I'm trying to using the jsoup library to get 'li' from a website. The problem is this:

  • If I open the source of website with CTRL+U(which is the same read by jsoup), the 'ul' tag is hidden.

hidden result

  • if I open the code with the fuction "inspect code" of google chrome,'li' are shown.

shown result

Posting the code is not necessary; I only want to know how can access to this 'li' with jsoup or other java free libraries, Whereas in the source code(and through jsoup) these informations are hidden.

The site is https://farmaci.agenziafarmaco.gov.it/bancadatifarmaci/cerca-farmaco and try to search something(i.e. Tachi)

Fidelis
  • 91
  • 1
  • 11
  • Can you post at least the link to the website? – Shakhar Dec 31 '16 at 15:53
  • 1
    It is hard to help you without ability to reproduce the problem. What if they are different potential causes of this situation and each one of them should be solved differently.
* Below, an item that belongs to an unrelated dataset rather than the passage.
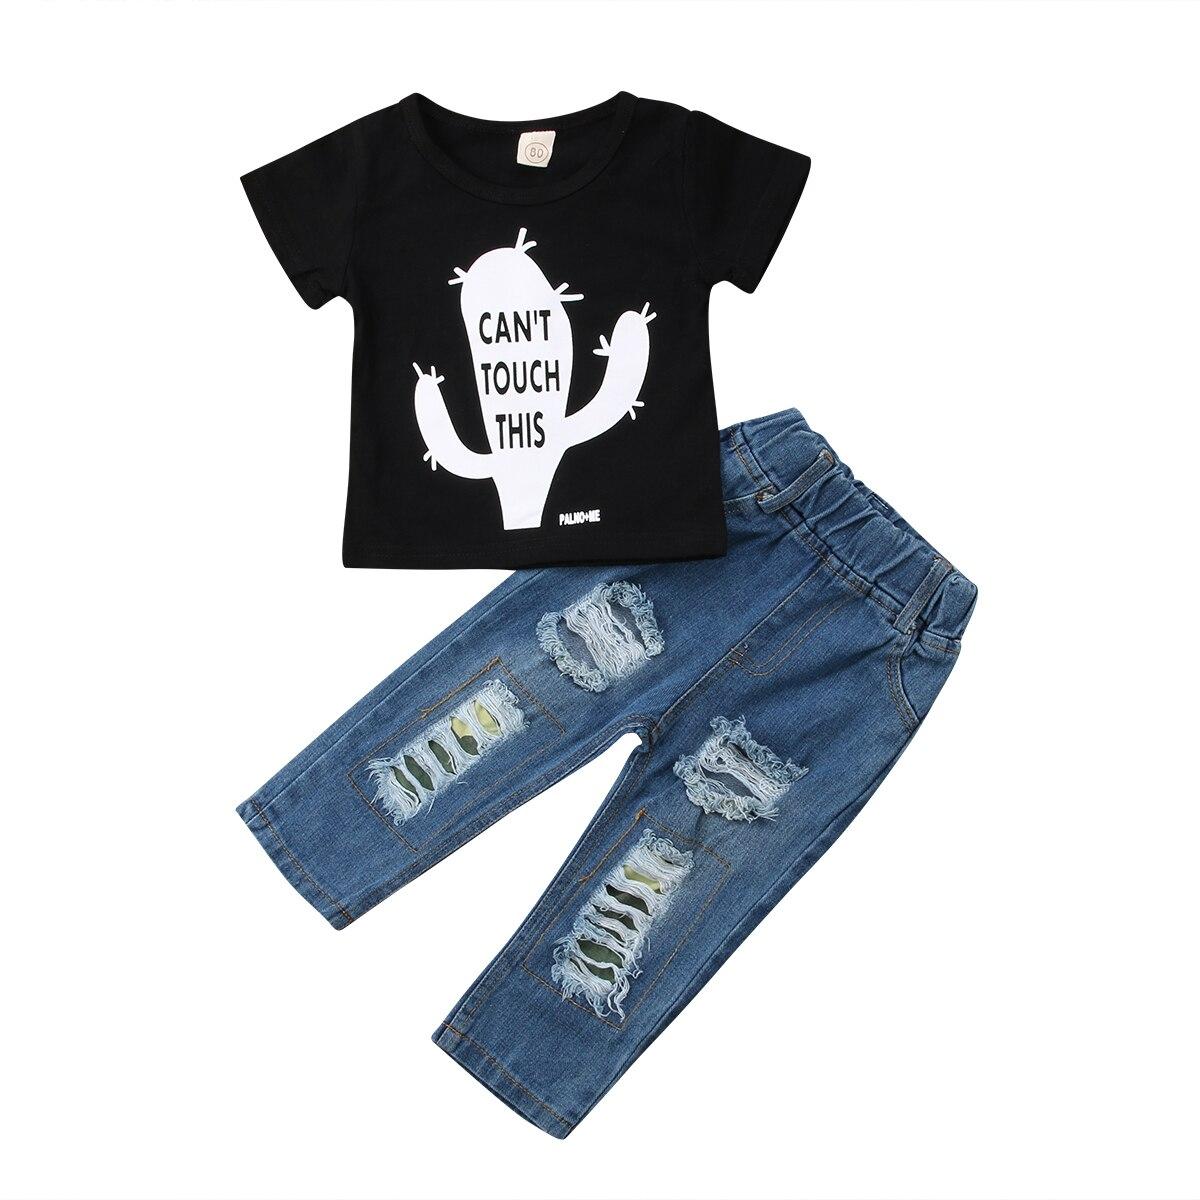 Boys T-Shirt Tops Short Sleeve Cotton Denim Ripped Hole Jeans Pants 2Pcs Toddler Kids Baby Boy Clothes Sets 6M-6T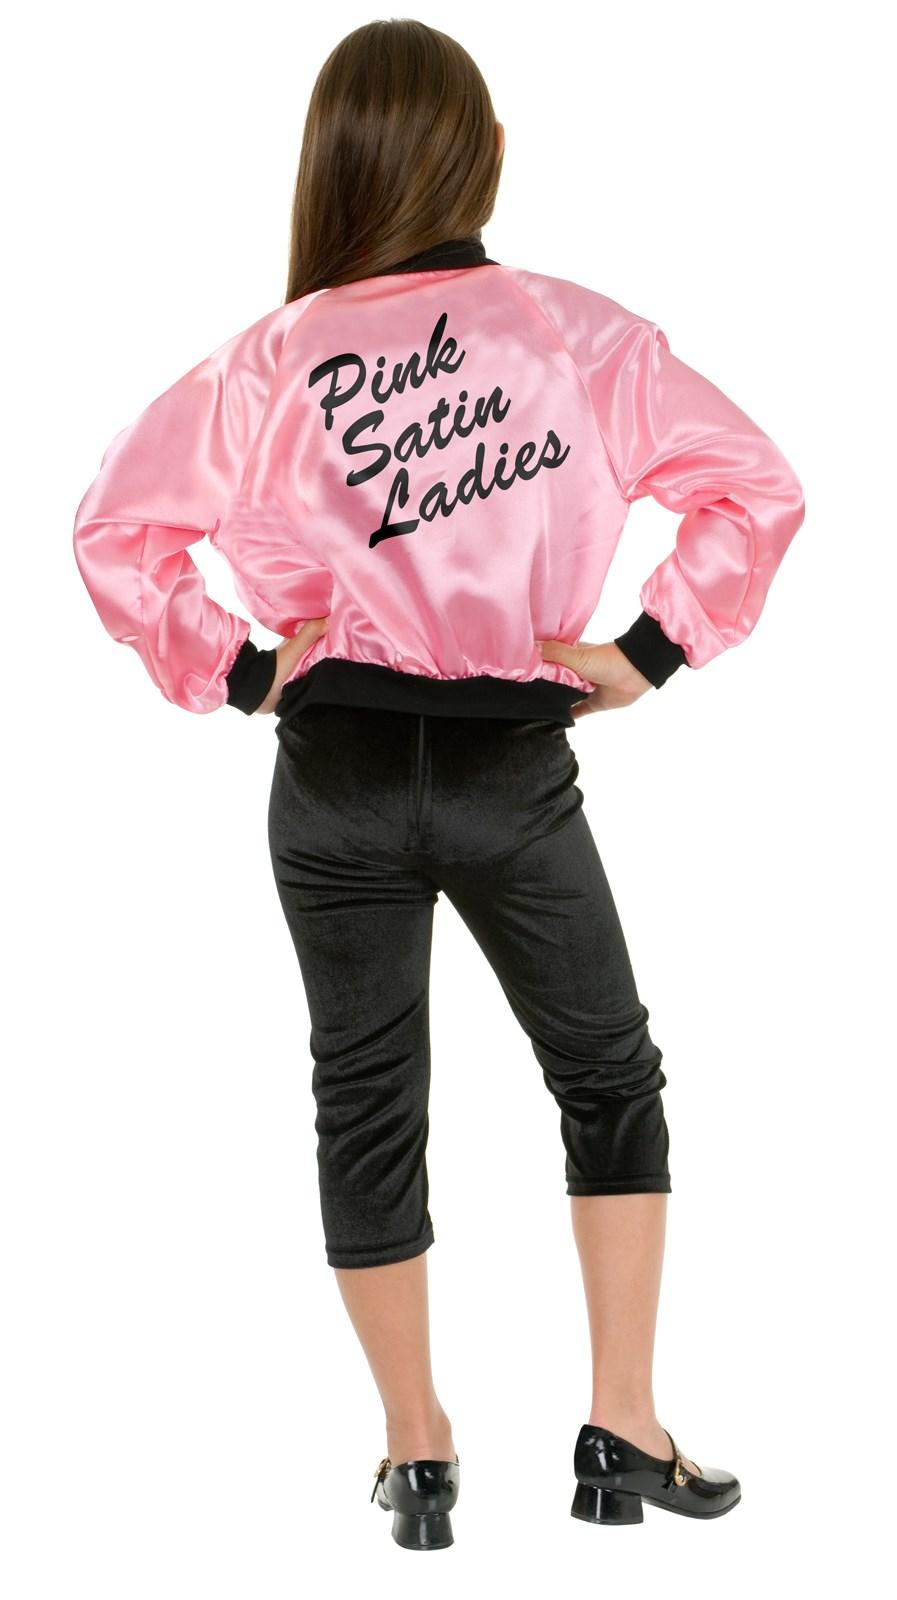 Pink Satin Ladies Kids Jacket | BuyCostumes.com

Answer for your question could require writing quite nice article. Please [edit] your question and include minimal amount of information which will actually let us reproduce this problem. – Pshemo Dec 31 '16 at 15:57
  • @Shakhar posted:-) – Fidelis Jan 01 '17 at 17:21
  • @Pshemo The problem is reproduce every time you search something in The site above – Fidelis Jan 01 '17 at 17:22

2 Answers2

1

The problem with Jsoup is that it won't handle scripts. It is just getting html as it is before the AJAX code is executed.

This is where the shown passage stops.